Task goal
Your answer should be an exact copy of the data.
Source material START
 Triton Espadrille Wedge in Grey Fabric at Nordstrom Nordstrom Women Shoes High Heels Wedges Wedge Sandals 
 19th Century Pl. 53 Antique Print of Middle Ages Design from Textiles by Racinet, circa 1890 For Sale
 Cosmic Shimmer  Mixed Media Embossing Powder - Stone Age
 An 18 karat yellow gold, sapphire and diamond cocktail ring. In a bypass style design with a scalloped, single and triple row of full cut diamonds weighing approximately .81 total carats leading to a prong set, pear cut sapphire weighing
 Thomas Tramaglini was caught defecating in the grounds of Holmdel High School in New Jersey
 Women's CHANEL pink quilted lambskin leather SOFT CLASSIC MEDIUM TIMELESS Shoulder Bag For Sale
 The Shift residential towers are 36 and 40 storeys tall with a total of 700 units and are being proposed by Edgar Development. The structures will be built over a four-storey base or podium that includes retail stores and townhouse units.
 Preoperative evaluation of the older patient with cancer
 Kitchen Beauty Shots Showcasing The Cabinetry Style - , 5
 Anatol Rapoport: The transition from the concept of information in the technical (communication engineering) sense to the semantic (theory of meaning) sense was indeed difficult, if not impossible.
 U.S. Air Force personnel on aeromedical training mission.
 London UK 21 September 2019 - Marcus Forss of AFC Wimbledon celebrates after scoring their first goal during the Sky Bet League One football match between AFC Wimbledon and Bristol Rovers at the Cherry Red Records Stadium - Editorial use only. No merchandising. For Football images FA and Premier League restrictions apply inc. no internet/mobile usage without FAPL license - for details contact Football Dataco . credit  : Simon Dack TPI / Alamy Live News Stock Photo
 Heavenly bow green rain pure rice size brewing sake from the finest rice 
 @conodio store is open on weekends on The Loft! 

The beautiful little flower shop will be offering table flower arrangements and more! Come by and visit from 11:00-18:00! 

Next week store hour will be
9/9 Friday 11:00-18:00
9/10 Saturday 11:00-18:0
Source material END
Solution for this problem
 Triton Espadrille Wedge in Grey Fabric at Nordstrom Nordstrom Women Shoes High Heels Wedges Wedge Sandals 
 19th Century Pl. 53 Antique Print of Middle Ages Design from Textiles by Racinet, circa 1890 For Sale
 Cosmic Shimmer  Mixed Media Embossing Powder - Stone Age
 An 18 karat yellow gold, sapphire and diamond cocktail ring. In a bypass style design with a scalloped, single and triple row of full cut diamonds weighing approximately .81 total carats leading to a prong set, pear cut sapphire weighing
 Thomas Tramaglini was caught defecating in the grounds of Holmdel High School in New Jersey
 Women's CHANEL pink quilted lambskin leather SOFT CLASSIC MEDIUM TIMELESS Shoulder Bag For Sale
 The Shift residential towers are 36 and 40 storeys tall with a total of 700 units and are being proposed by Edgar Development. The structures will be built over a four-storey base or podium that includes retail stores and townhouse units.
 Preoperative evaluation of the older patient with cancer
 Kitchen Beauty Shots Showcasing The Cabinetry Style - , 5
 Anatol Rapoport: The transition from the concept of information in the technical (communication engineering) sense to the semantic (theory of meaning) sense was indeed difficult, if not impossible.
 U.S. Air Force personnel on aeromedical training mission.
 London UK 21 September 2019 - Marcus Forss of AFC Wimbledon celebrates after scoring their first goal during the Sky Bet League One football match between AFC Wimbledon and Bristol Rovers at the Cherry Red Records Stadium - Editorial use only. No merchandising. For Football images FA and Premier League restrictions apply inc. no internet/mobile usage without FAPL license - for details contact Football Dataco . credit  : Simon Dack TPI / Alamy Live News Stock Photo
 Heavenly bow green rain pure rice size brewing sake from the finest rice 
 @conodio store is open on weekends on The Loft! 

The beautiful little flower shop will be offering table flower arrangements and more! Come by and visit from 11:00-18:00! 

Next week store hour will be
9/9 Friday 11:00-18:00
9/10 Saturday 11:00-18:0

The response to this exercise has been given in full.